The initial adoption of emergency regulations and one readoption of
the initial regulations shall be deemed to be an emergency and
necessary for the immediate preservation of the public peace, health,
or general welfare.  Initial emergency regulations and the first
readoption of those regulations shall be exempt from review by the
Office of Administrative Law.  The initial emergency regulations and
the first readoption of those regulations authorized by this section
shall be submitted to the Office of Administrative Law for filing
with the Secretary of State and publication in the California Code of
Regulations and each shall remain in effect for no more than 180
days.
  SEC. 80.  The Managed Risk Medical Insurance Board may adopt
emergency regulations to implement provisions of this act repealing
Section 12698.10 of, adding Section 12693.765 to, and amending
Sections 12693.43, 12693.70, 12693.73, 12695.06, 12698.05, and
12698.30 of, the Insurance Code.  The Office of Administrative Law
shall consider those regulations to be necessary for the immediate
preservation of the public peace, health and safety, and general
welfare for purposes of Section 11349.6 of the Government Code.
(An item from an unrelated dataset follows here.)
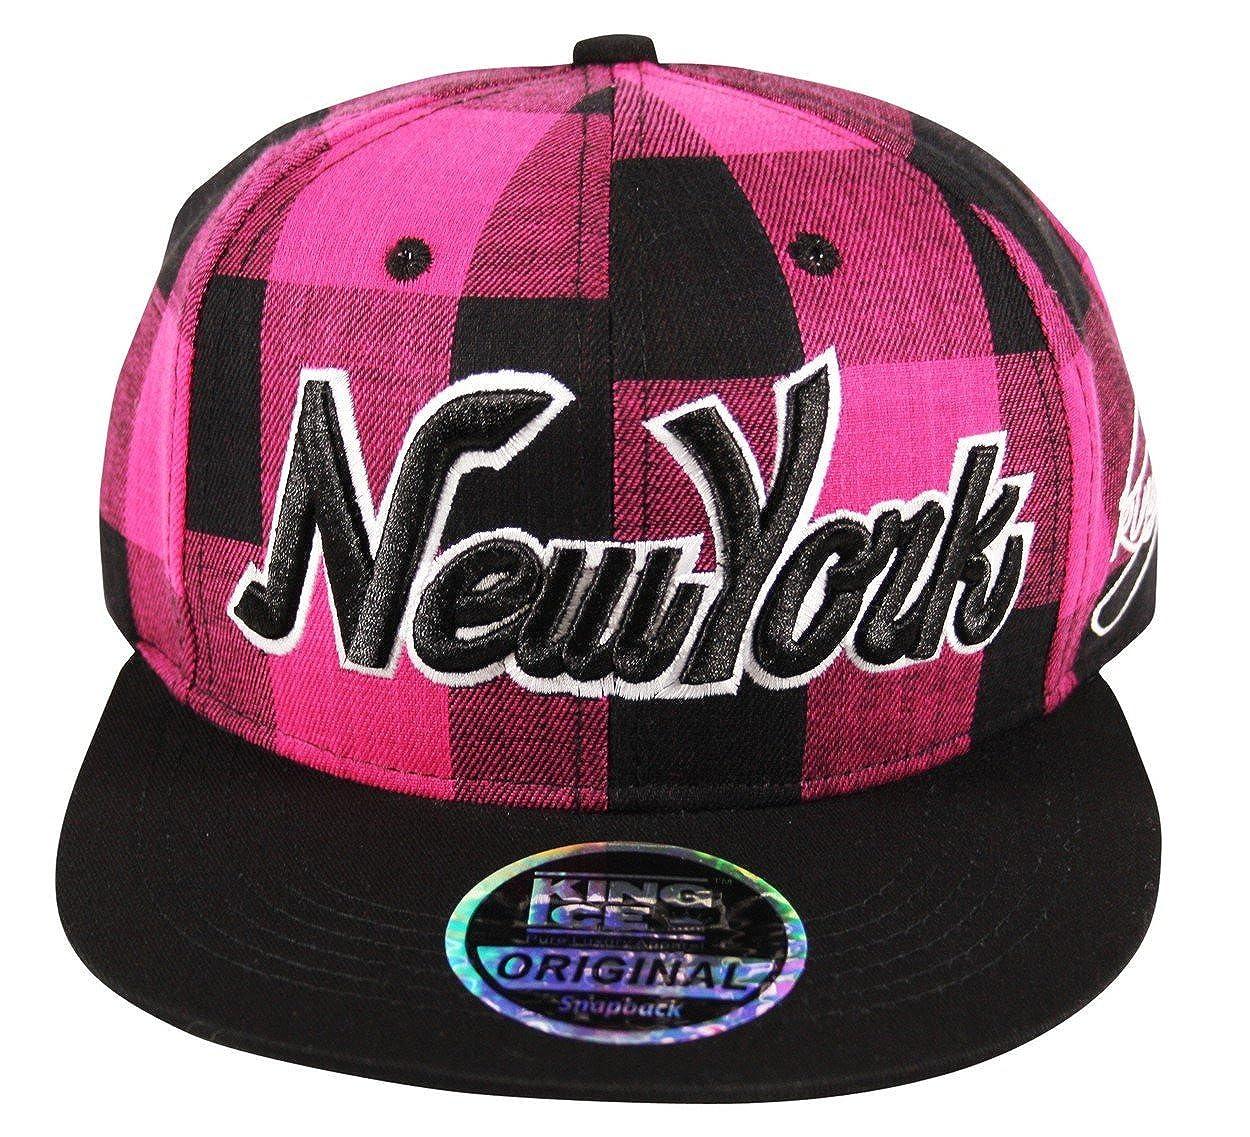 29aa20ba2c259b Itzu Snapback Baseball Cap New York NY Lumberjack Check Hat Adult in  Fuchsia Pink and Black: Amazon.co.uk: Clothing

Notwithstanding the 120-day limitation in subdivision (e) of Section
11346.1 of the Government Code, the emergency regulations adopted or
amended pursuant to this subdivision shall be repealed 180 days after
the effective date of the regulations, unless the department
readopts those regulations, in whole or in part, in compliance with
Chapter 3.5 (commencing with Section 11340) of Part 1 of Division 3
of Title 2 of the Government Code.
  SEC. 80.5.  The Legislature finds and declares that the state faces
a fiscal crisis that requires unprecedented measures to be taken to
reduce General Fund expenditures.  Notwithstanding any other
provision of law or regulation, the Medi-Cal reimbursement rates in
effect for the 2003-04 fiscal year for hospitals, not under contract
with the California Medical Assistance Commission, providing
inpatient services to Medi-Cal recipients shall remain the same for
the entire 2004-05 fiscal year.  It is the intent of the Legislature
that the California Medical Assistance Commission freeze all Medi-Cal
reimbursement rates paid to hospitals for inpatient services at
their 2003-04 contract rate, or at a lower level, whichever is
applicable based on contract negotiations.
  SEC. 81.  No reimbursement is required by this act pursuant to
Section 6 of Article XIII B of the California Constitution for
certain costs  that may be incurred by a local agency or school
district because in that regard this act creates a new crime or
infraction, eliminates a crime or infraction, or changes the penalty
for a crime or infraction, within the meaning of Section 17556 of the
Government Code, or changes the definition of a crime within the
meaning of Section 6 of Article XIII B of the California
Constitution.
   However, notwithstanding Section 17610 of the Government Code, if
the Commission on State Mandates determines that this act contains
other costs mandated by the state, reimbursement to local agencies
and school districts for those costs shall be made pursuant to Part 7
(commencing with Section 17500) of Division 4 of Title 2 of the
Government Code.  If the statewide cost of the claim for
reimbursement does not exceed one million dollars ($1,000,000),
reimbursement shall be made from the State Mandates Claims Fund.
  SEC. 82.  This act is an urgency statute necessary for the
immediate preservation of the public peace, health, or safety within
the meaning of Article IV of the Constitution and shall go into
immediate effect.  The facts constituting the necessity are:
   In order to make the necessary statutory changes to implement the
Budget Act of 2003 at the earliest possible time, it is necessary
that this act take effect immediately.